## THE TASK
Instruction for the entries below: return the part that opens with the line containing "2009/11/6 '2009 청소년 선거교실' 첨부이미지" and closes with the line containing "Najnowsza konsola i", exactly, and no pictures.

## INPUT RECORDS
*** Block opens ***

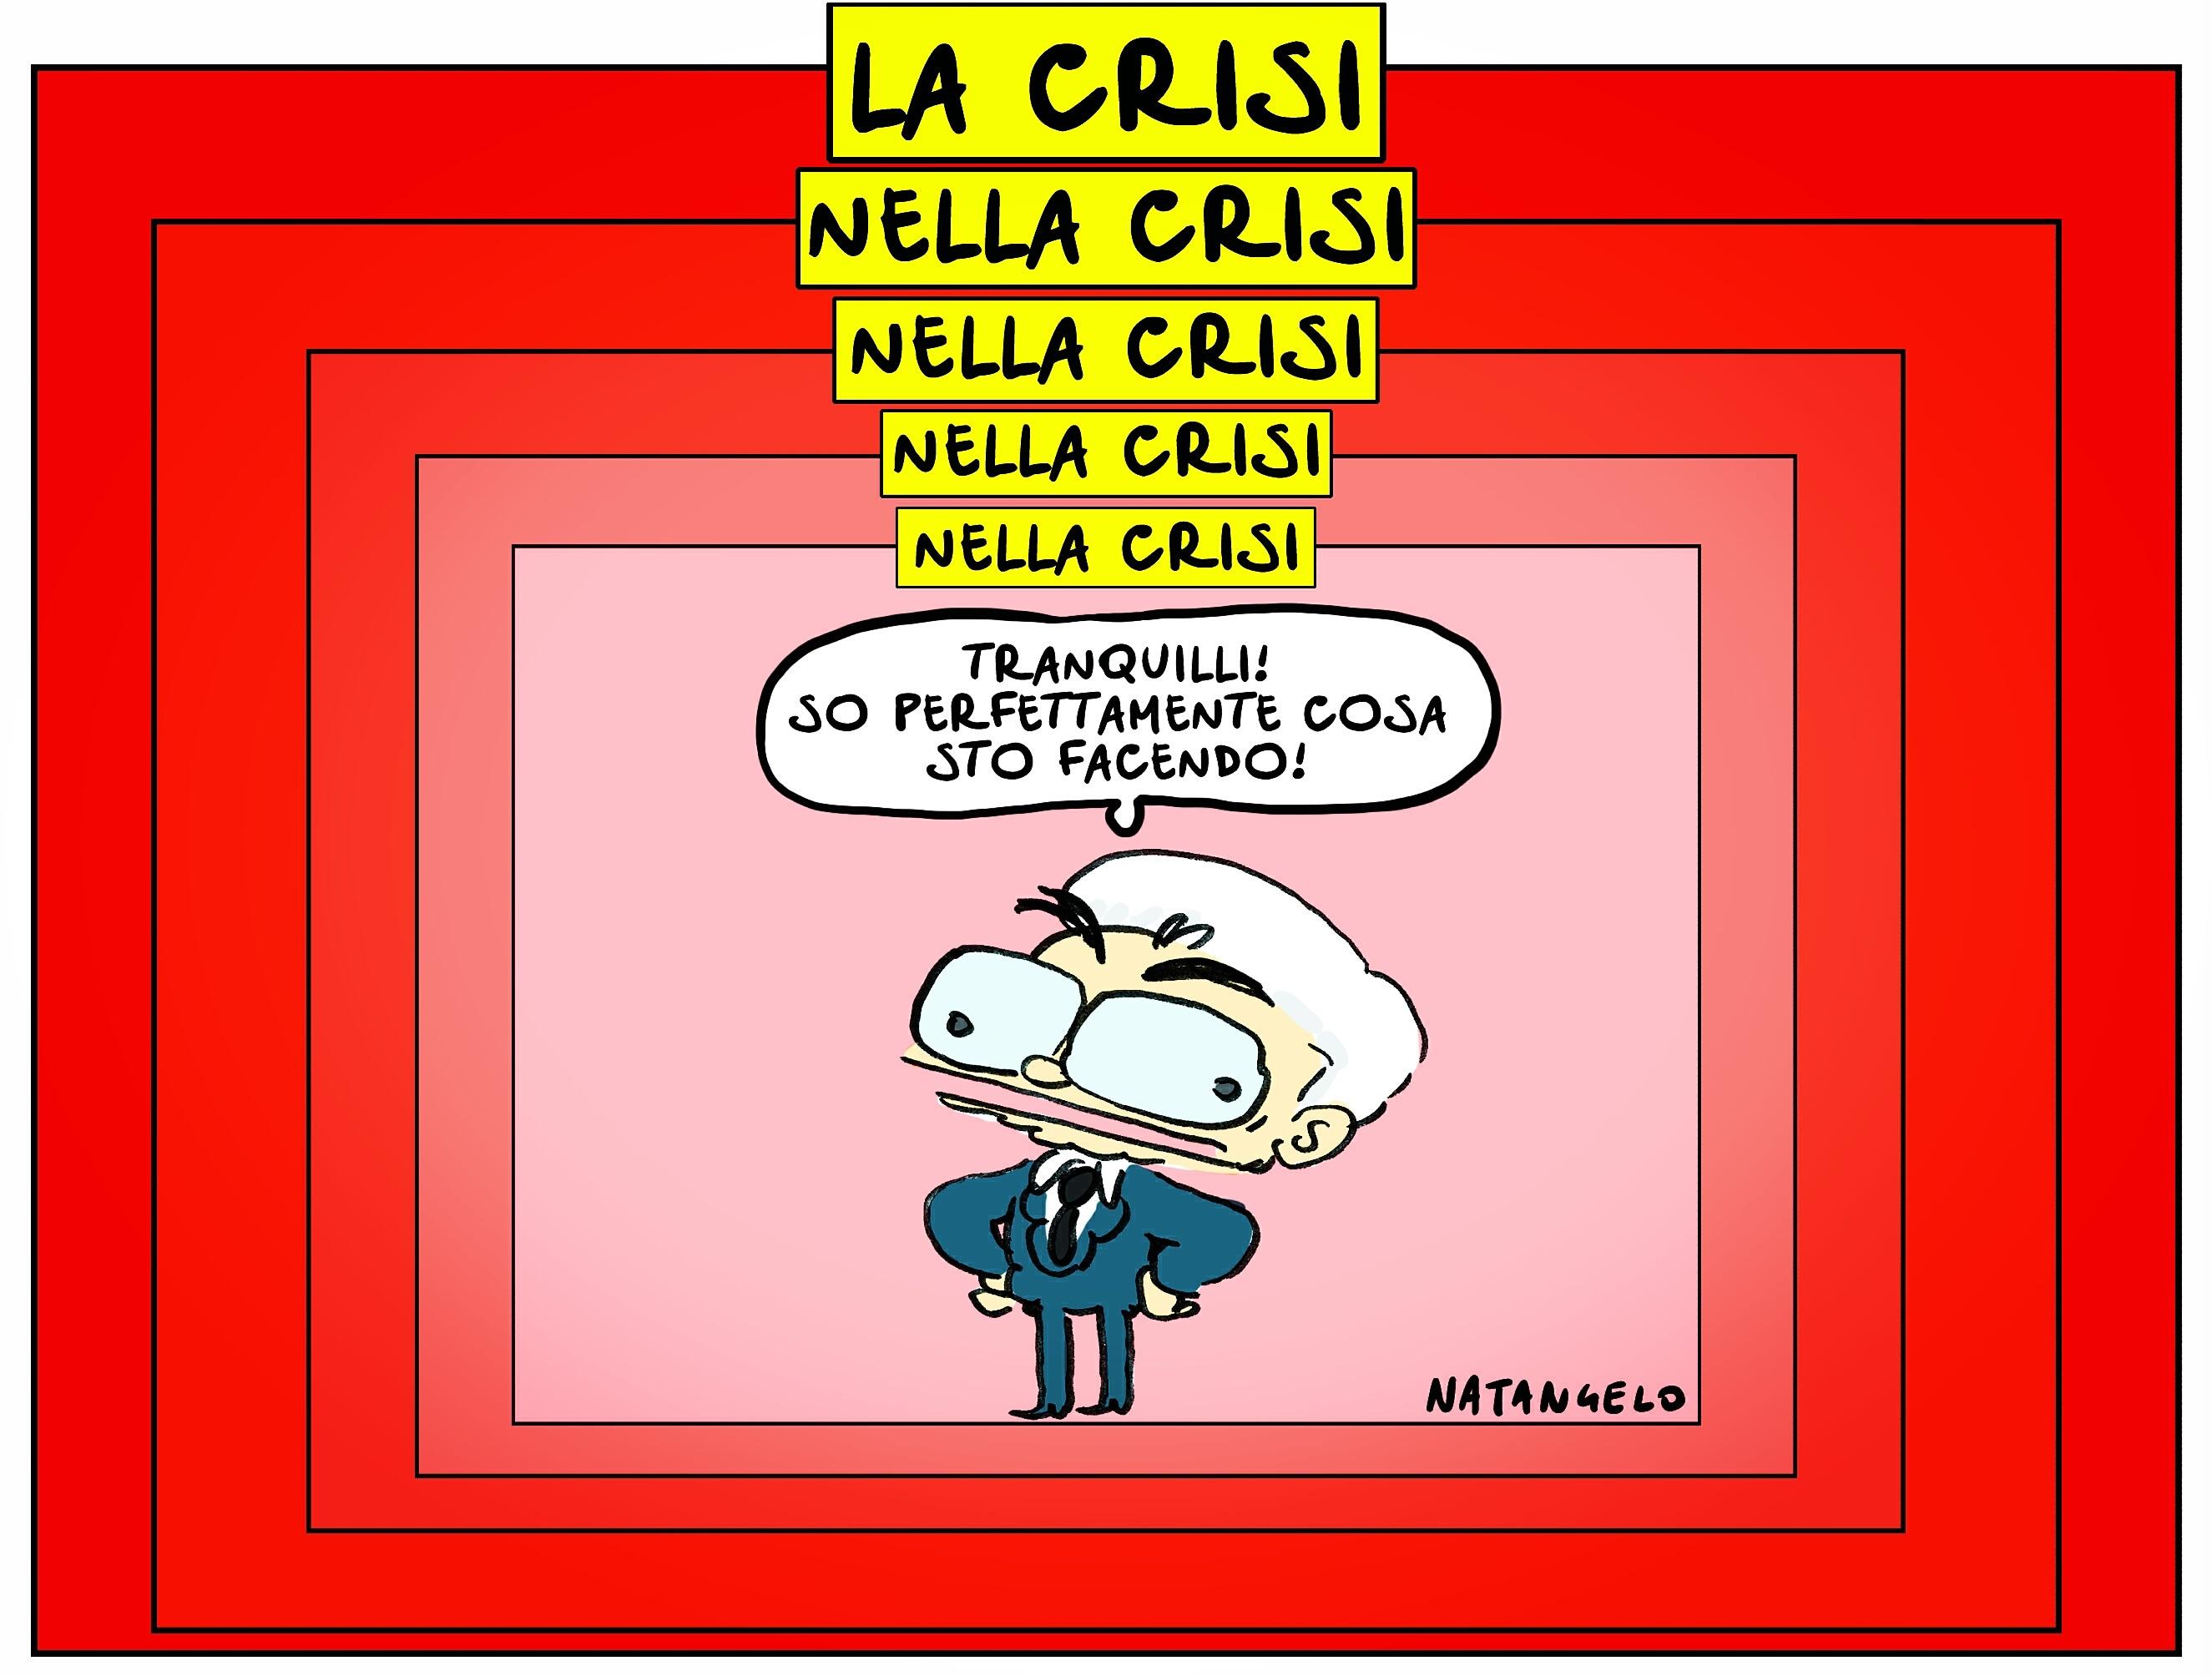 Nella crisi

*** Block closes ***
*** Block opens ***

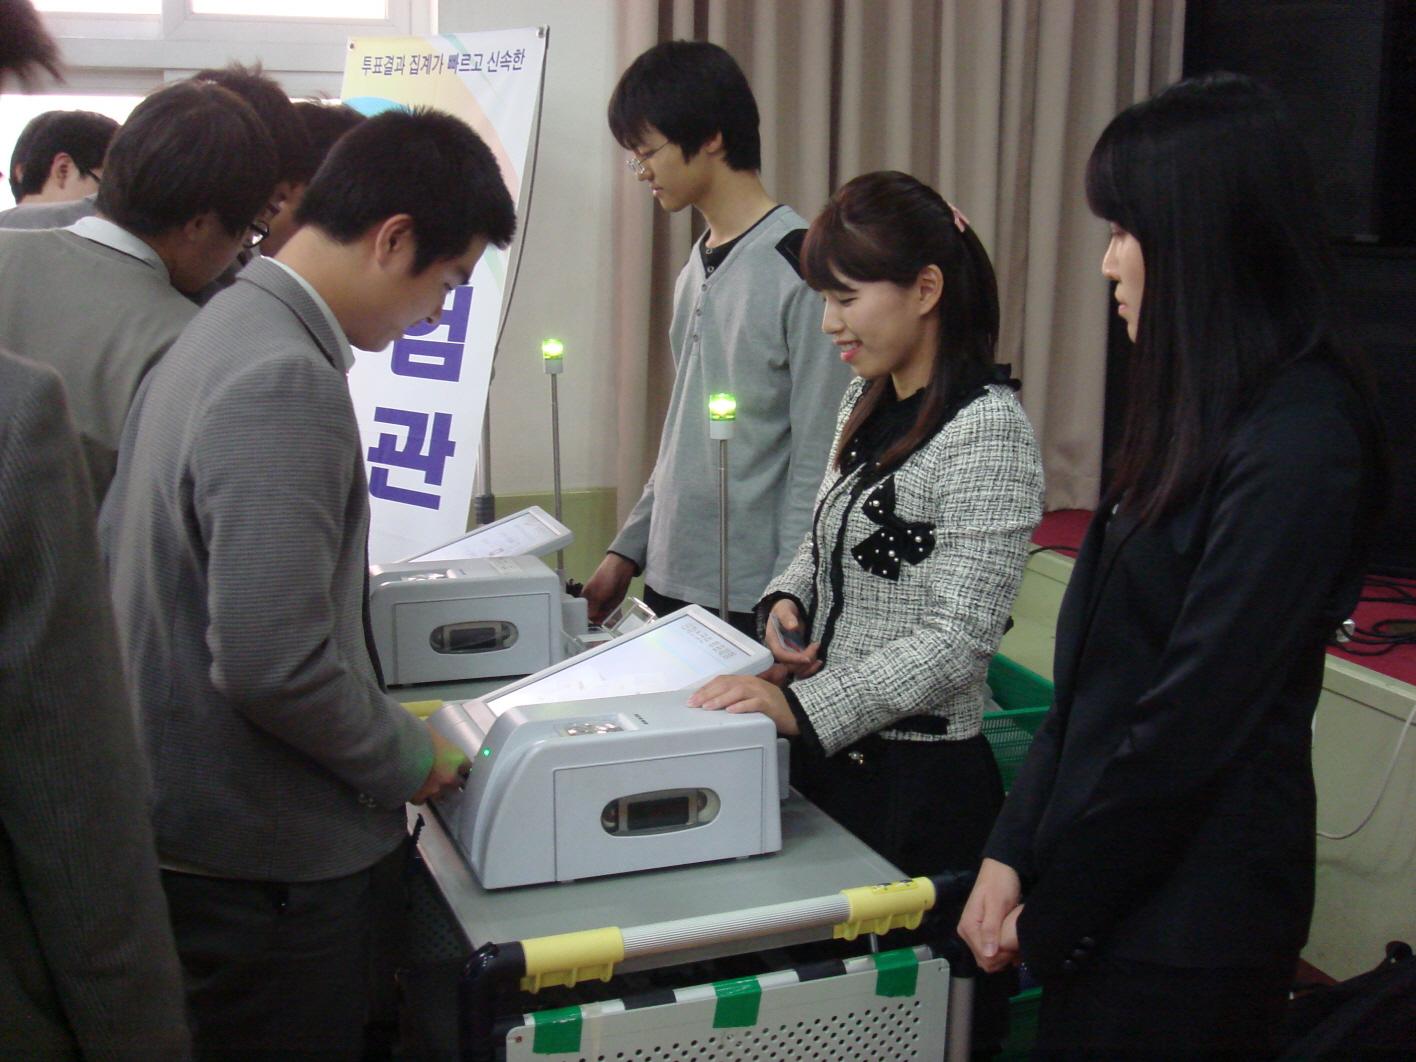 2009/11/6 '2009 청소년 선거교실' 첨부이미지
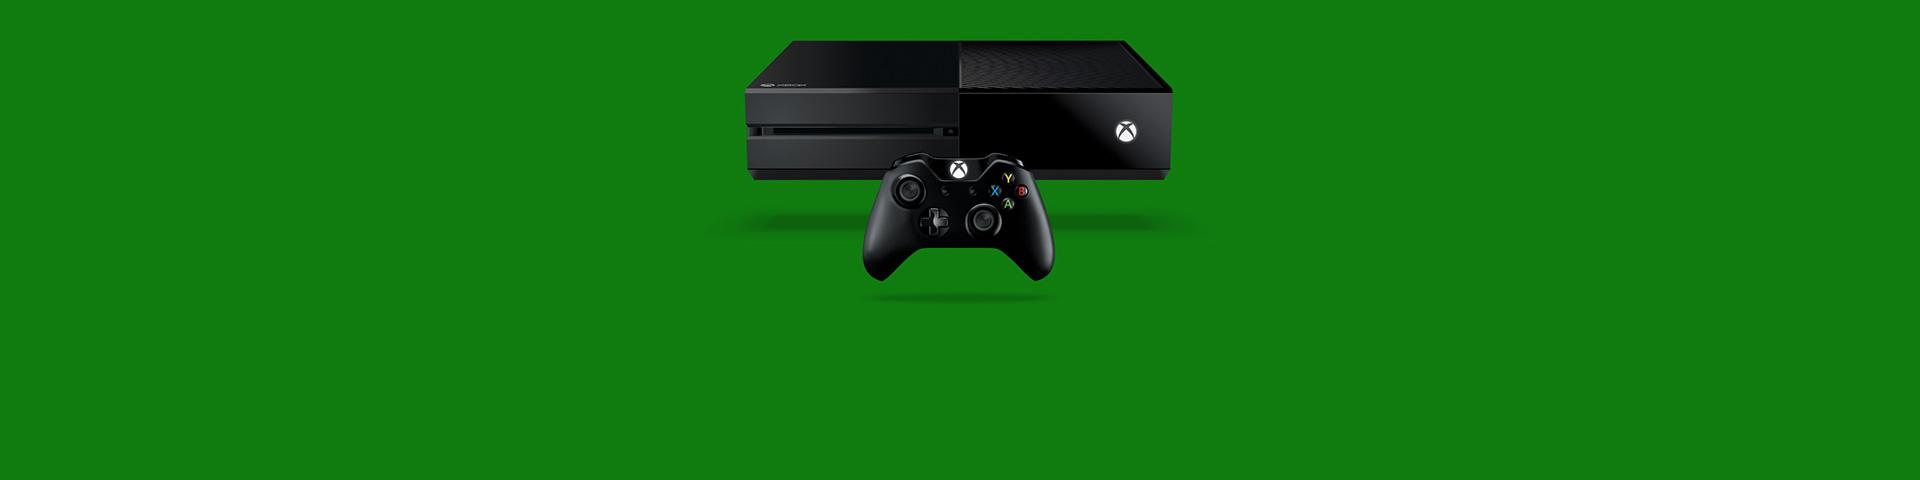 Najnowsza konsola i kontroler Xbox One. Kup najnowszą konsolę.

*** Block closes ***
*** Block opens ***

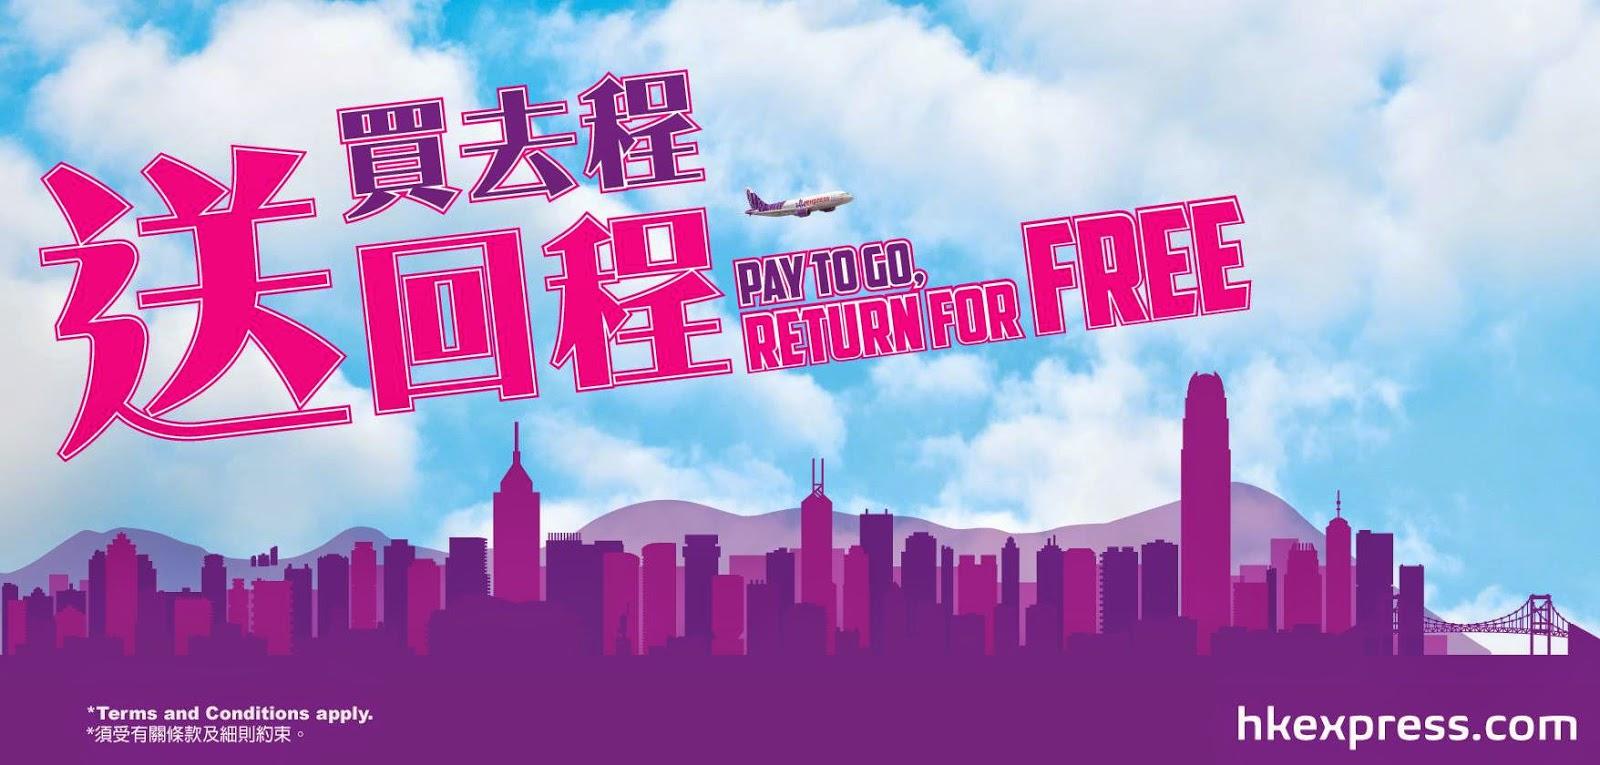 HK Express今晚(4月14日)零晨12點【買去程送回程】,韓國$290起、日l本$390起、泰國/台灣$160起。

*** Block closes ***

## EXERCISE OUTPUT
 2009/11/6 '2009 청소년 선거교실' 첨부이미지
 Najnowsza konsola i kontroler Xbox One. Kup najnowszą konsolę.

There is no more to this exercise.